So far we have only looked at single pieces of data at a time, be that a single number or a single sequence of characters in the form of a string.

But many times, especially for Data Science, we want to look at collections of multiple individual pieces of data.

One of the simplest forms of collections is a list. It is a one-dimensional collection with a finite number of values that are ordered. The same value can appear multiple times in a list.

Lists are created by typing square brackets `[]` with the individual values separated by commas.

In [94]:
# make a list of just numbers
nums = [1, 2, 5, 7]
print(nums)

# make list of different types
otherList = [1, "one", "1"]
print(otherList)

[1, 2, 5, 7]
[1, 'one', '1']


Accessing and changing elements of a list uses a fairly similar strategy to accessing individual characters in a string from before.

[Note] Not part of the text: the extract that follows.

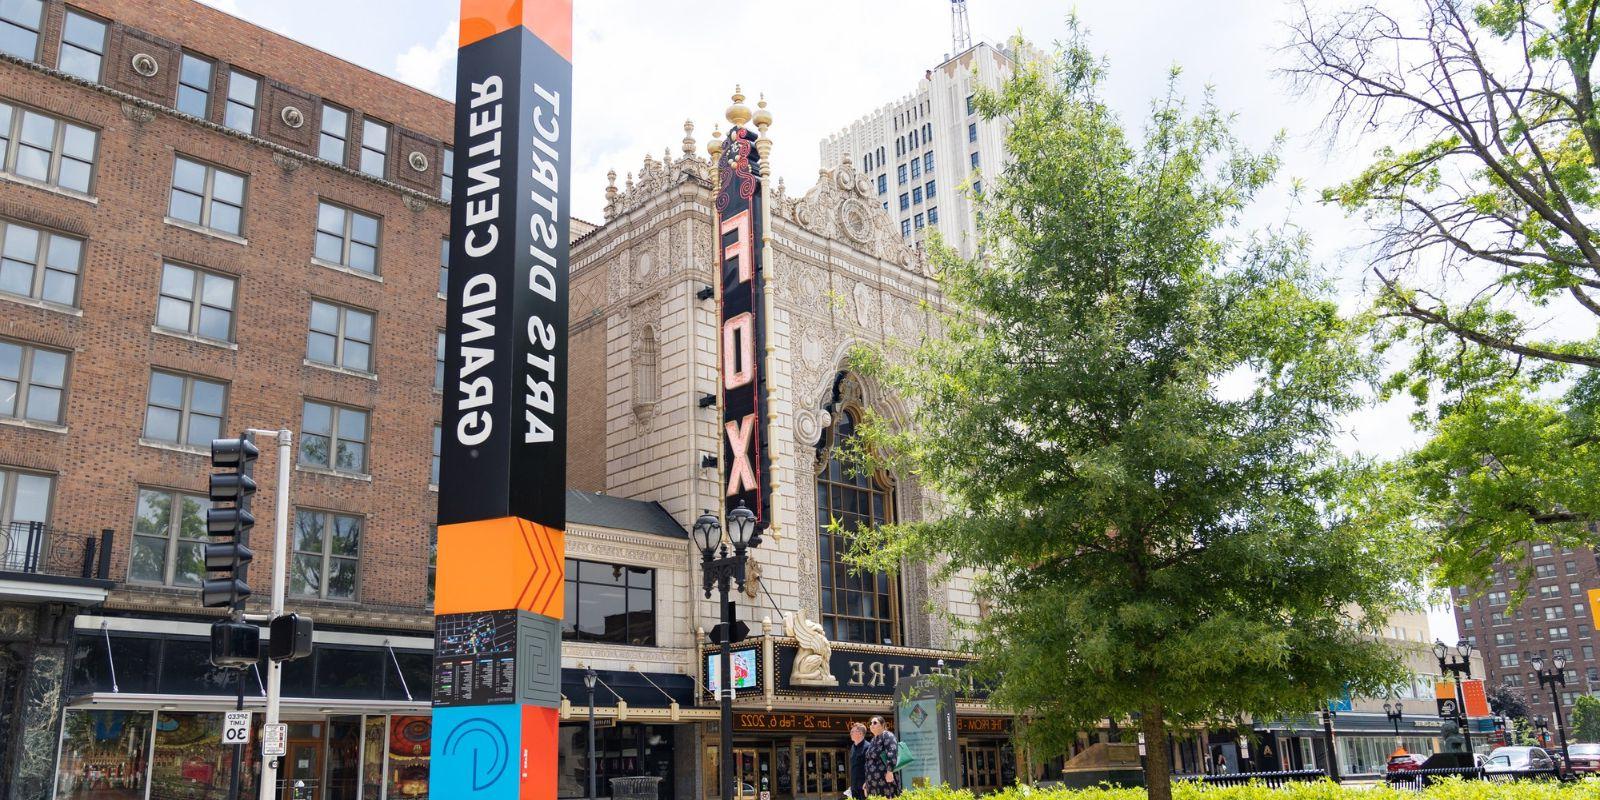 Eclectic venues, such as The Fabulous Fox and Jazz St. Louis, line the streets of the Grand Center Arts District.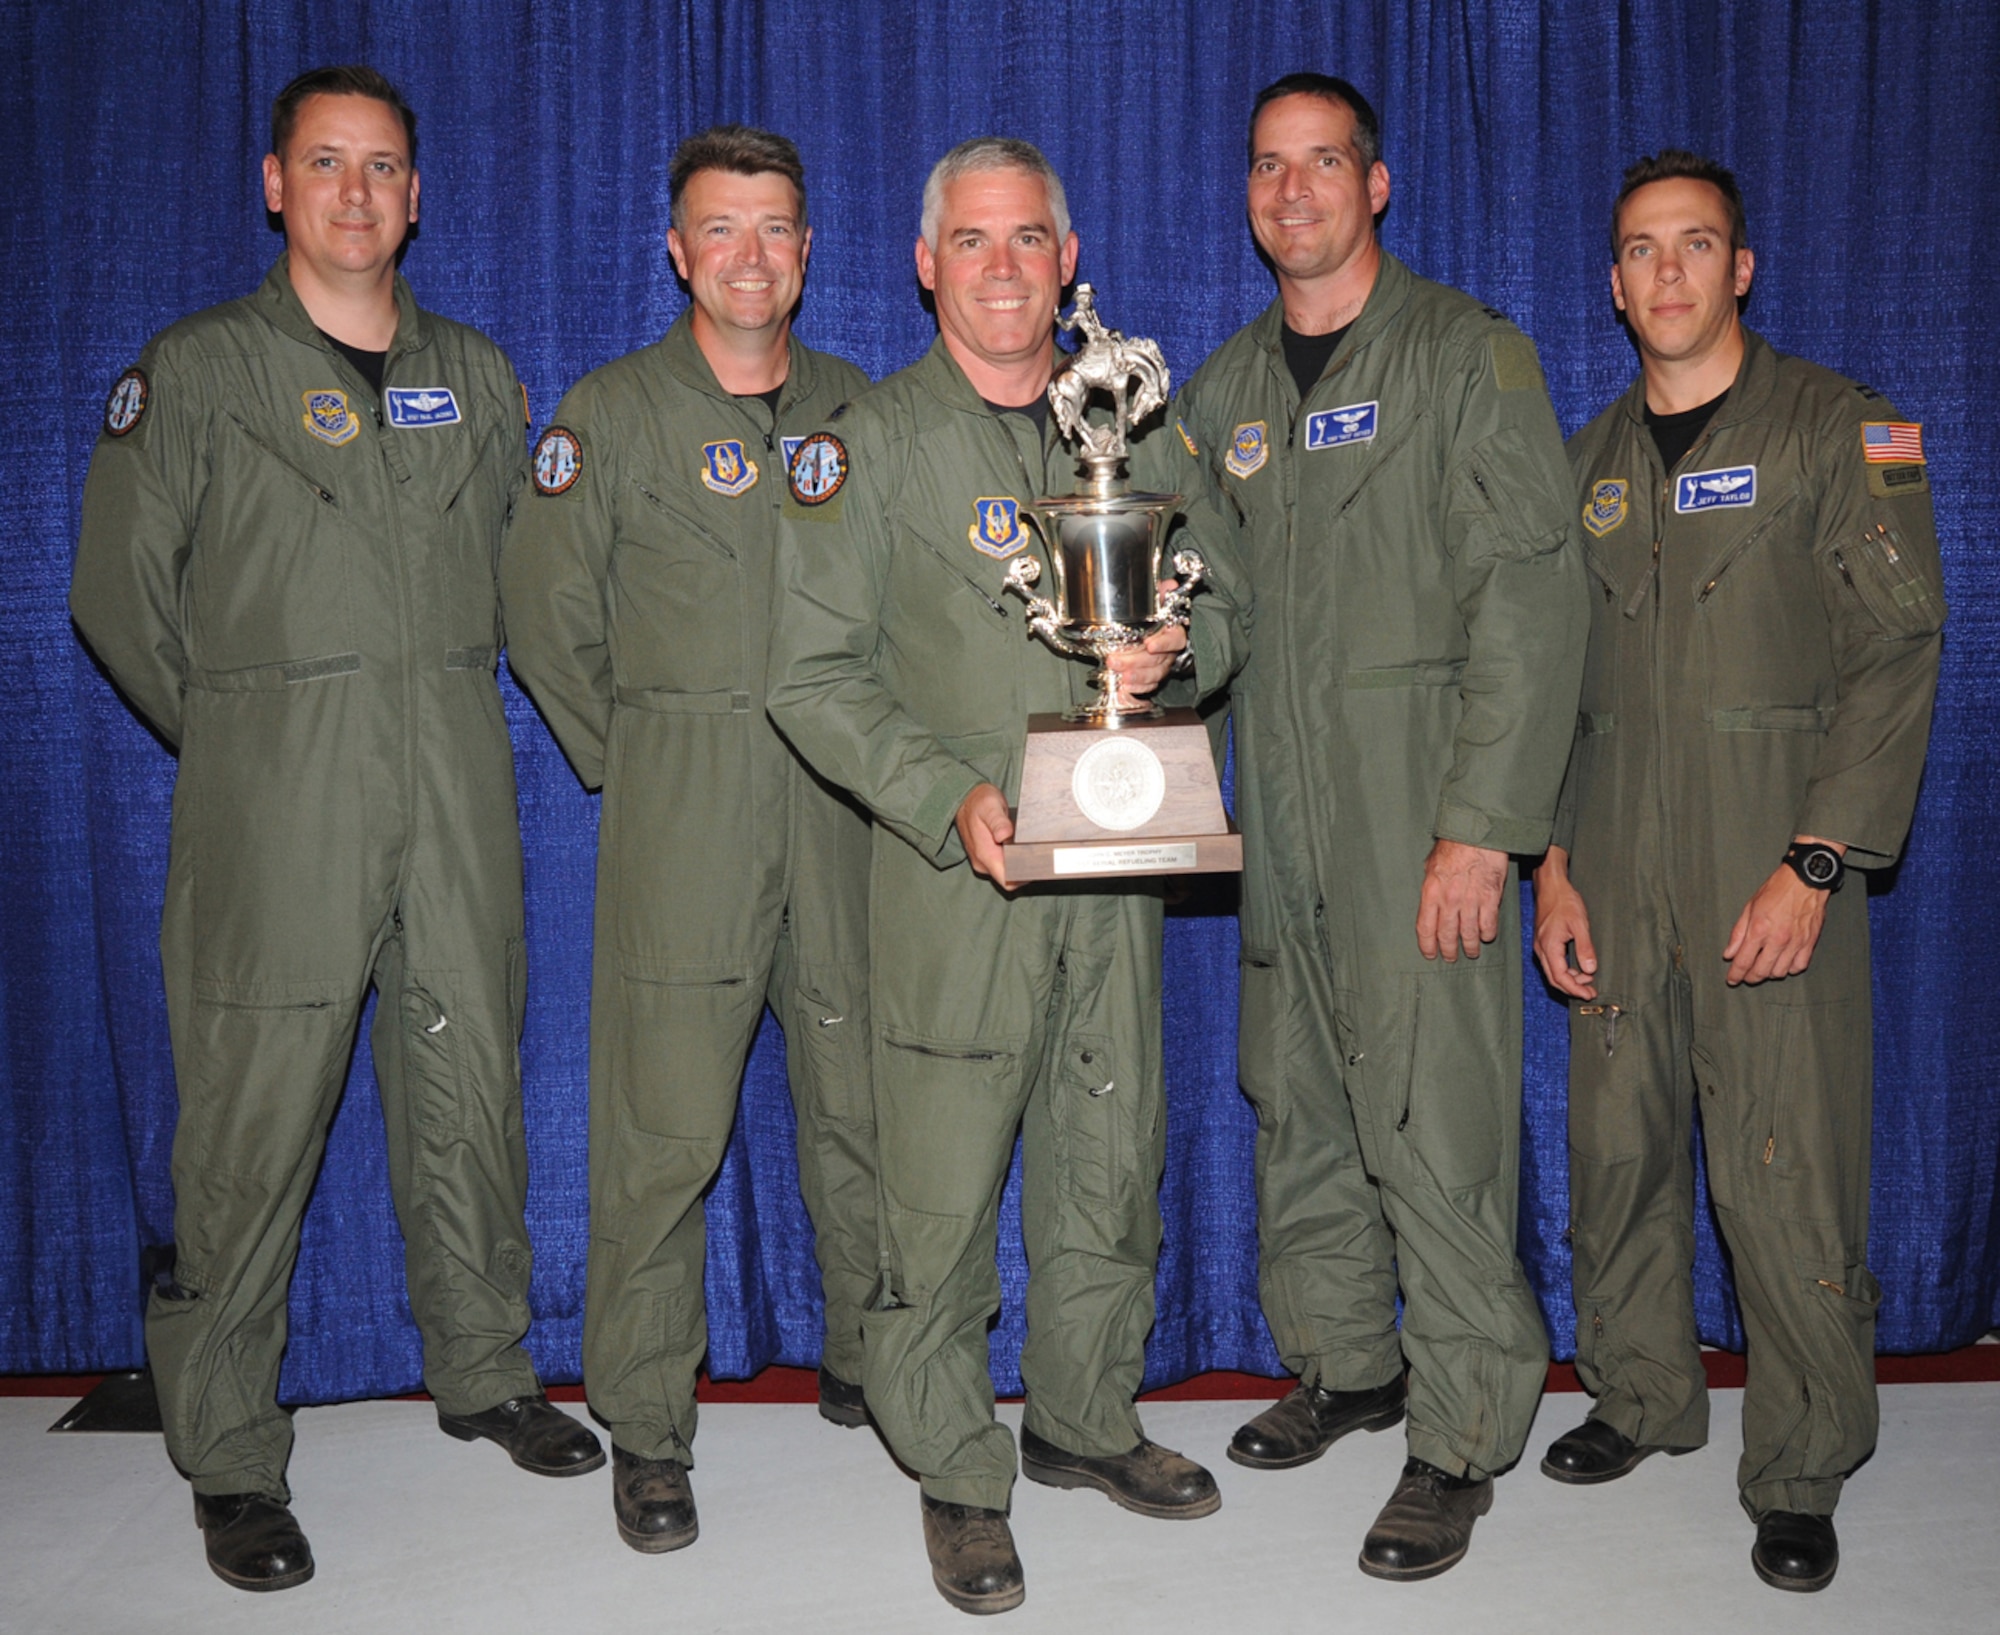 Lt. Col. John Wood, a KC-135 Stratotanker pilot, holds the trophy for Best Aerial Refueling Team at Air Mobility Rodeo 2009 following an awards ceremony at McChord Air Force Base, Wash., July 24, 2009. Colonel Wood and KC-135 boom operator Senior Master Sgt. John Wallman, to Colonel Wood's right, are Air Force reservists in the 931st Air Refueling Group at McConnell AFB, Kan. They teamed up with Regular Air Force Airmen from McConnell's 22nd Air Refueling Wing to win the team award. (U.S. Air Force photo/Tech. Sgt. Chyrece Campbell)

Directly after an actual list or a variable referencing a list, use square brackets and indices to select values from the list.

In [92]:
# get first element from list created above
print(nums[0])

# get second element from a new list
print(["apple", "banana", "cherry"][1])

1
banana


#### Exercise #5
Create a list containing the strings "USA", "Iowa", and "Grinnell" and save it to variable. Then select the first two elements using square brackets `[]` and a `colon`. 

Hint: look back at the section on strings to remember how to select multiple indices at once.

In [None]:
# Your code here

## Functions

Functions are very important in programming. They take various inputs, run lines of code, and potentially return an output.

They allow you to write code once and then use it over and over again with just a simple call to the function. Here we will only be using functions other people have already written, so let's focus on using a function.

We have already actually done this already. `print()` is function that takes a single input, like a number, and then prints it out at the bottom of a code chunk.

So to call a function, start by writing the name of the function and an open parentheses `(`. Then type the various inputs separated by commas, and then lastly type a close parentheses `)`. The order in which you type in the inputs matters, and Python will match things up. But if you want to make sure that the input is doing what you thing, you can put the name of the input before the value separated with an equal sign `=`.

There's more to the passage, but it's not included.